Traveling in a group of over 350 presents significant logistical challenges (nightmares?). In my view, the Ayelet folks did great, great work: The people on this trip were likely to be, on the average, somewhat wealthy and spoiled, impatient with having to wait for OTHERS but completely intolerant of not having events held up for their own particular needs or tardiness. At the same time, they had signed up for something extraordinary and kind of pricy, and could certainly be forgiven high expectations.
Could we have delved more deeply into the real Jewish history that has evaporated here...meeting Ramban/Nachmanides in Gerona, etc.? There's the challenge--hard to do for such a big group, but difficult to deliver special things for a small group. I can't quite get out of my mind the possibility of Simon Spiro dressed as Nachmanides, telling us his life story in prose, poetry, song and dance. And perhaps that lays out the difficulty--that almost everything that happened here morphed into other things and places. That what STARTED here either disappeared or was built into something else somewhere else at a different time.
Which brings me to another conclusion I made on a previous visit to lost Jewish worlds: After our Germany Mission, I went on a Rhine River Cruise with my family. It was on those visits to onetime medieval Jewish addresses (as opposed to 18th to 20th century and Holocaust sites) that it occurred to me that although the Jews suffered terribly in being abused, murdered and driven out, it was really the "host culture" that deprived itself of things that would have made it better.
What if the Jews hadn't been expelled from Spain? How much better off would Spain be today?! True, our culture is always enhanced by exposure to and distillation of host cultures when given the opportunity and when we take the opportunity, and the influences of the European and North African nations to which the Jews of Sefarad were exiled are an important part of what Sephardic culture is today.

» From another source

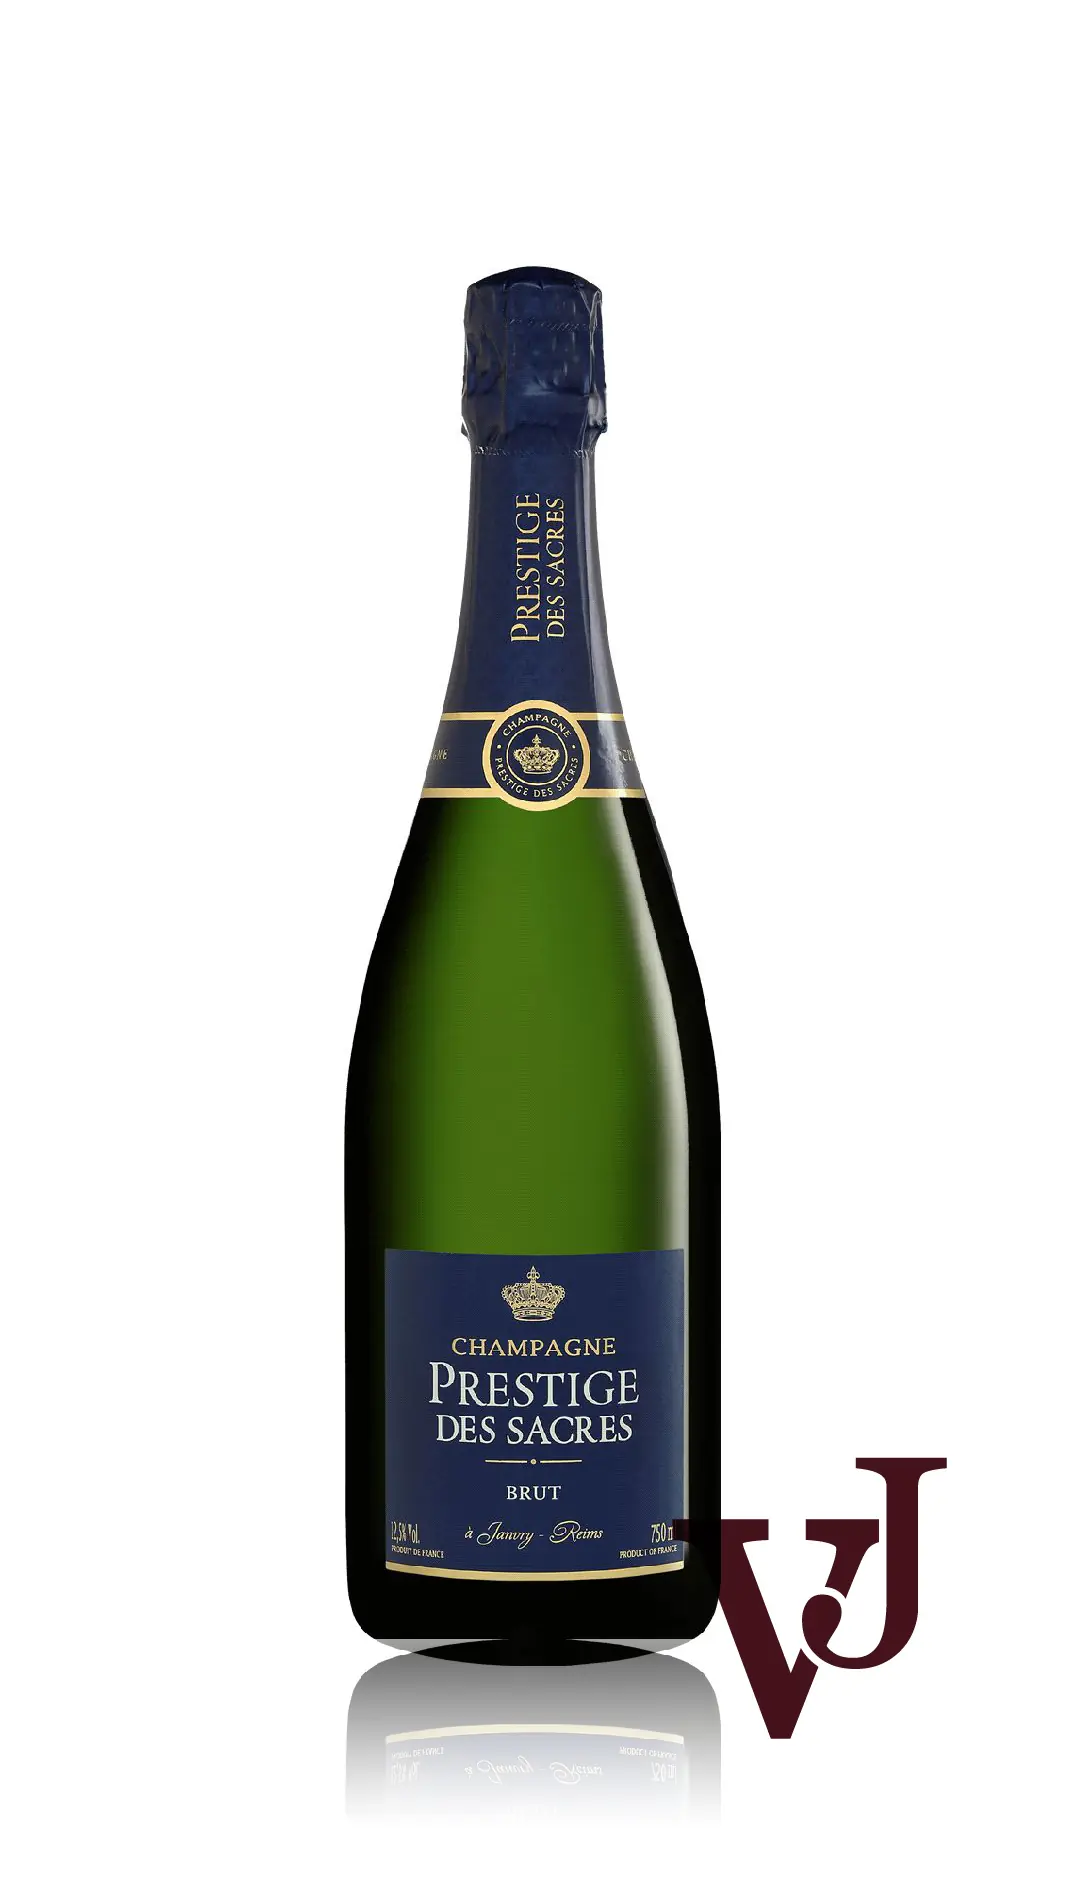 Mousserande Vin - Prestige des Sacres Brut artikel nummer 7780101 från producenten Prestige des Sacres från området Frankrike - Vinjournalen.se

But time after time, when given the opportunity, Jews are a tremendously positive influence on host cultures.
Perhaps the world will figure that out, and some day we'll be able to organize "Jewish Heritage Tours" celebrating the history and culture of the Jews of the Arab World....how they were exiled from Spain but continued to develop their culture in these new countries, but were expelled again from 1948 (or earlier) forward, but were eventually welcomed back, etc. etc. IMPOSSIBLE to imagine. But...who could have imagined what would ultimately become of the Jews after the destruction of the Temples, and after the expulsion from Spain?!
We are still here to tell the story. We are still here to sing the songs. We are still here to live Jewish life according to the understanding of Joseph Caro, of Rambam, of Ramban.
For those of you who came with us to Poland and/or to Germany and/or to Spain, I hope that you were half as inspired as me by our ability to move forward beyond heartbreaking life and death historical challenges.
And I hope next time we say "we've got a mission" coming, you'll sign up and pack your bags!
God bless the visionary Nate Lam. And the tireless chairs Jetemy Lipton, Steve Stein and Alberto Mizrahi. And thanks to the dozens of colleagues who participated, organized, prepared and inspired, and to the hundreds who braved the hot Spanish summer to MAKE SOME HISTORY!